Bottomonium suppression and elliptic flow from real-time quantum evolution

TL;DR

This paper uses real-time quantum evolution with a complex potential to compute bottomonium suppression and elliptic flow in heavy-ion collisions, matching experimental data and predicting flow for excited states.

Contribution

It introduces a quantum-mechanical approach to model bottomonium suppression and flow, incorporating a realistic in-medium potential and initial wave-function assumptions.

Findings

Good agreement with experimental $R_{AA}$ data at 5.02 TeV.

Small elliptic flow ($v_2$) for $$1s due to path-length dependence.

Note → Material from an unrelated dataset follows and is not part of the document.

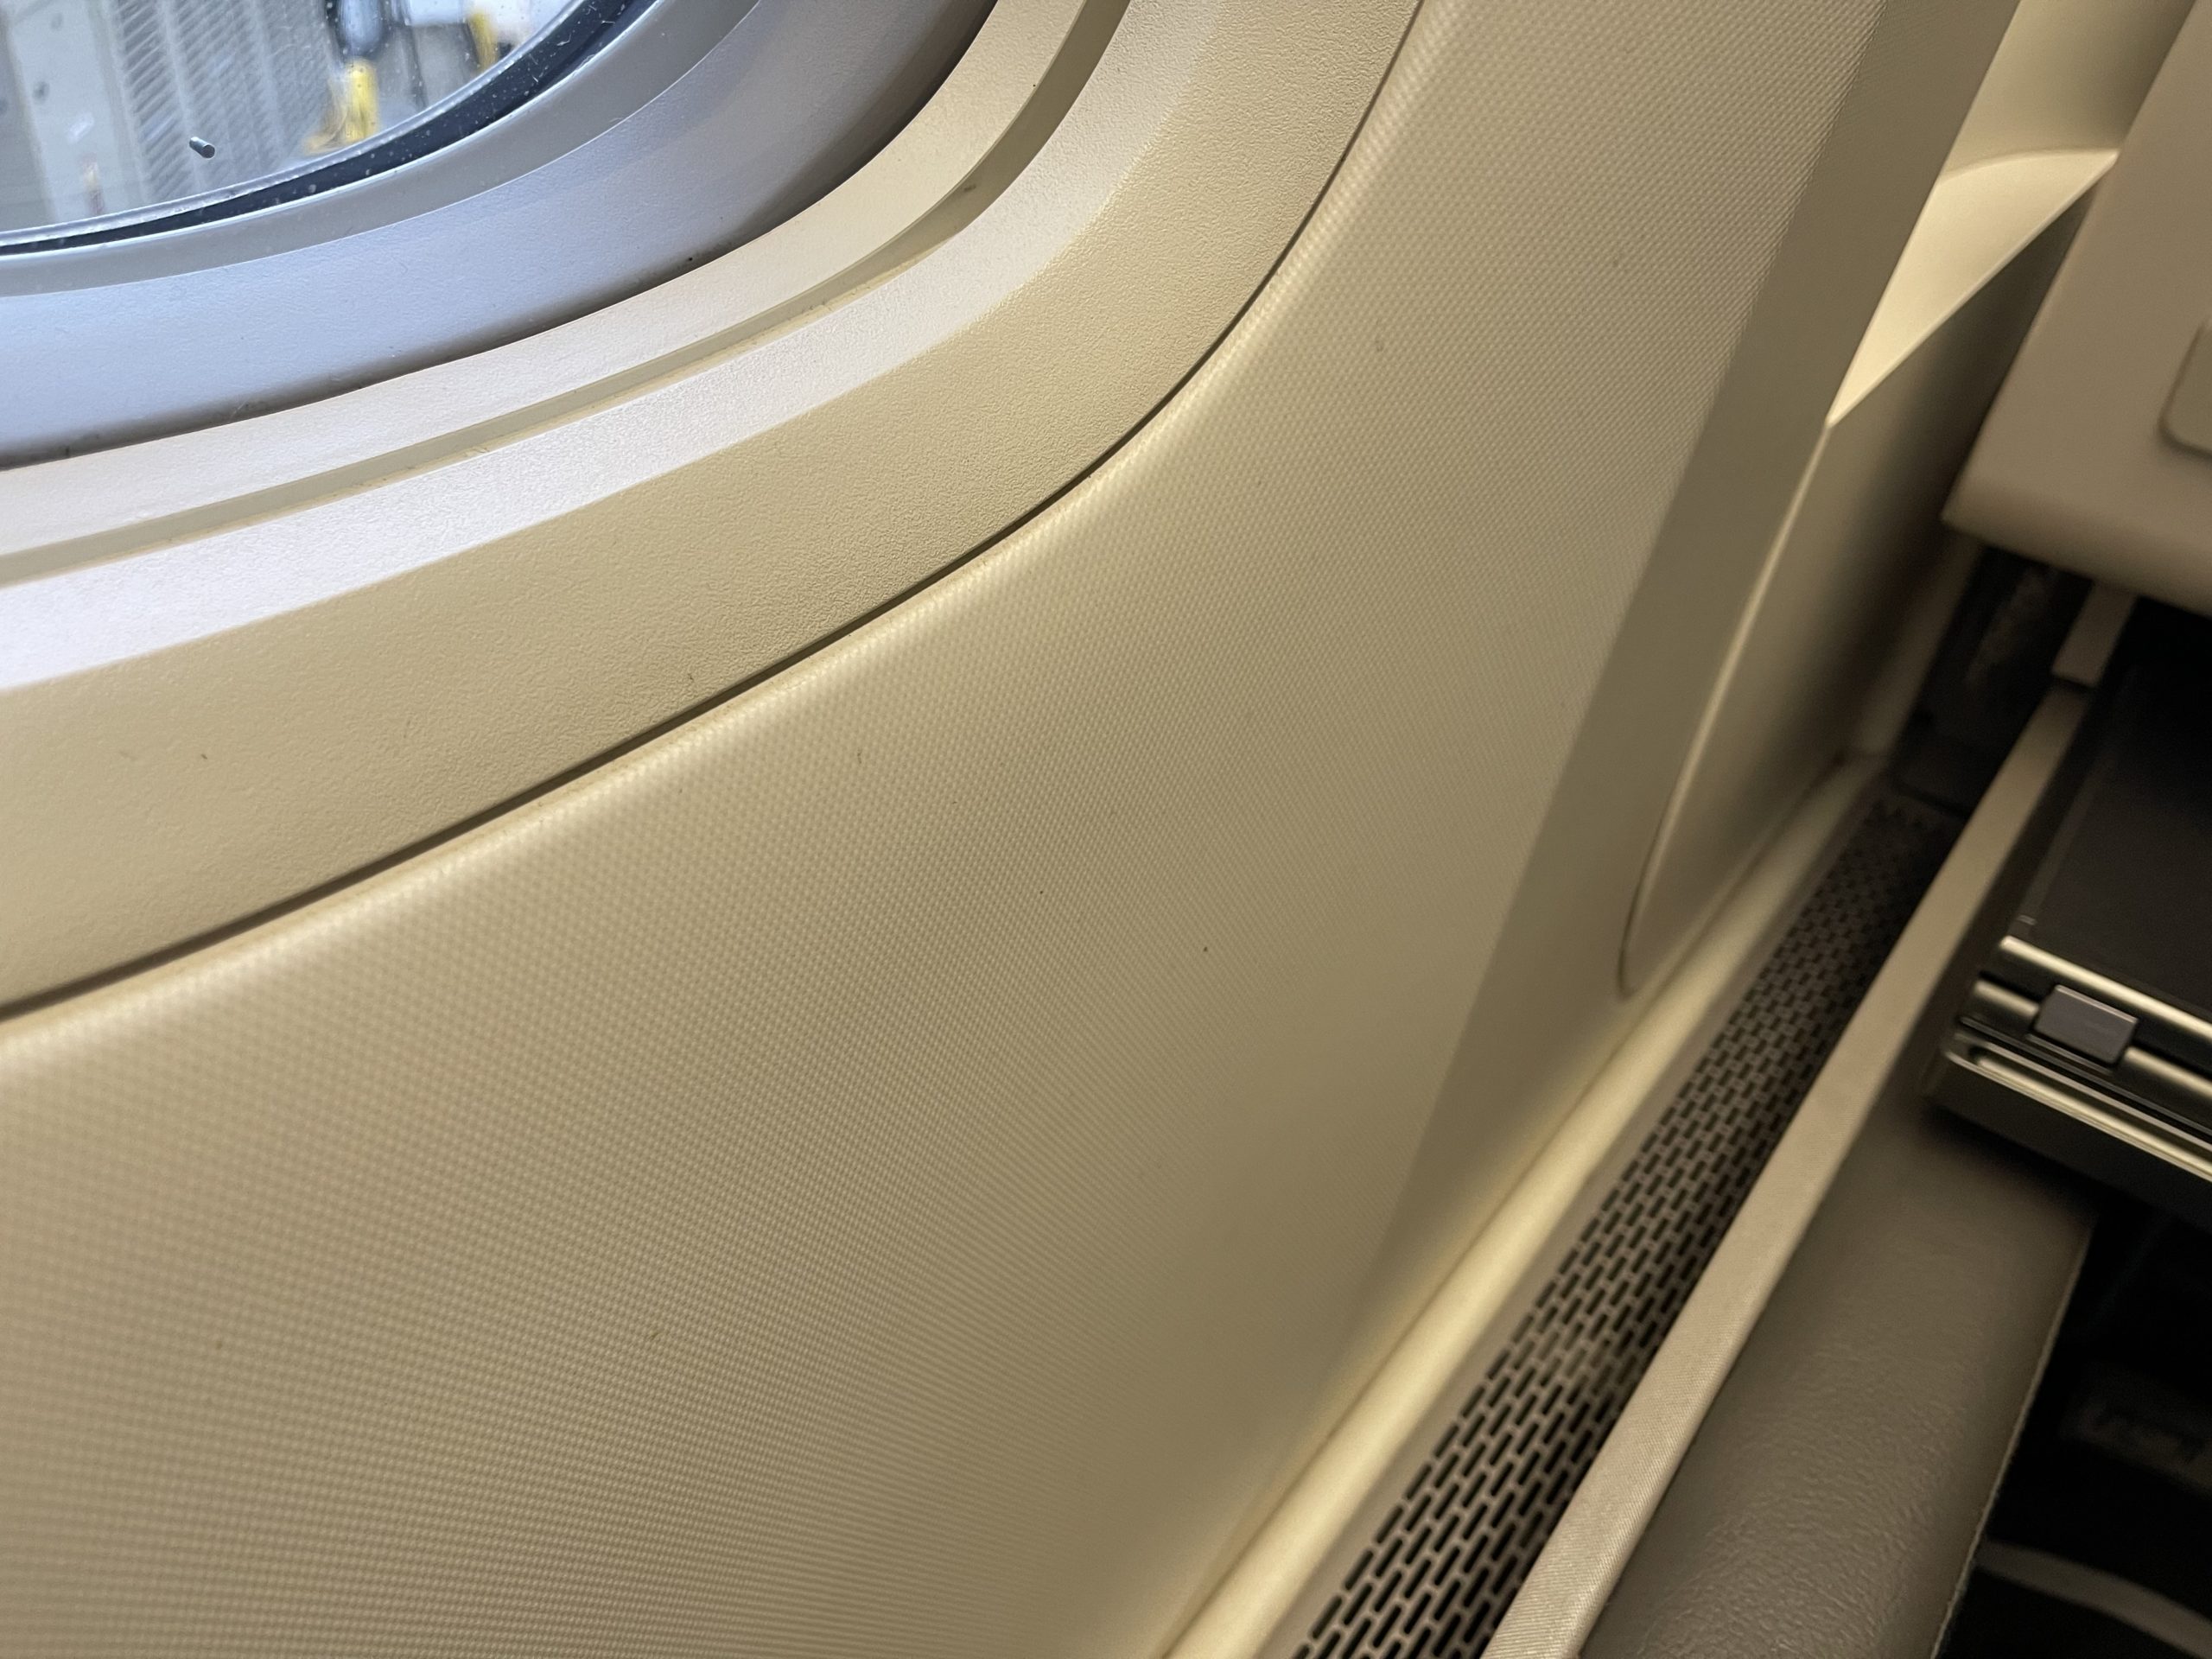 a window in a plane

Predictions for larger $v_2$ in excited bottomonium states.

Abstract

We compute the suppression and elliptic flow of bottomonium using real-time solutions to the Schr\"{o}dinger equation with a realistic in-medium complex-valued potential. To model the initial production, we assume that, in the limit of heavy quark masses, the wave-function can be described by a lattice-smeared (Gaussian) Dirac delta wave-function. The resulting final-state quantum-mechanical overlaps provide the survival probability of all bottomonium eigenstates. Our results are in good agreement with available data for $R_{AA}$ as a function of $N_{\rm part}$ and $p_T$ collected at $\sqrt{s_{\rm NN}} =$ 5.02 TeV. In the case of $v_2$ for the various states, we find that the path-length dependence of $\Upsilon(1s)$ suppression results in quite small $v_2$ for $\Upsilon(1s)$. Our prediction for the integrated elliptic flow for $\Upsilon(1s)$ in the $10{-}90$% centrality class is $v_2[\Upsilon(1s)] = 0.0026 \pm 0.0007$. We additionally find that, due to their increased suppression, excited bottomonium states have a larger elliptic flow and we make predictions for $v_2[\Upsilon(2s)]$ and $v_2[\Upsilon(3s)]$ as a function of centrality and transverse momentum. Similar to prior studies, we find that it is possible for bottomonium states to have negative $v_2$ at low transverse momentum.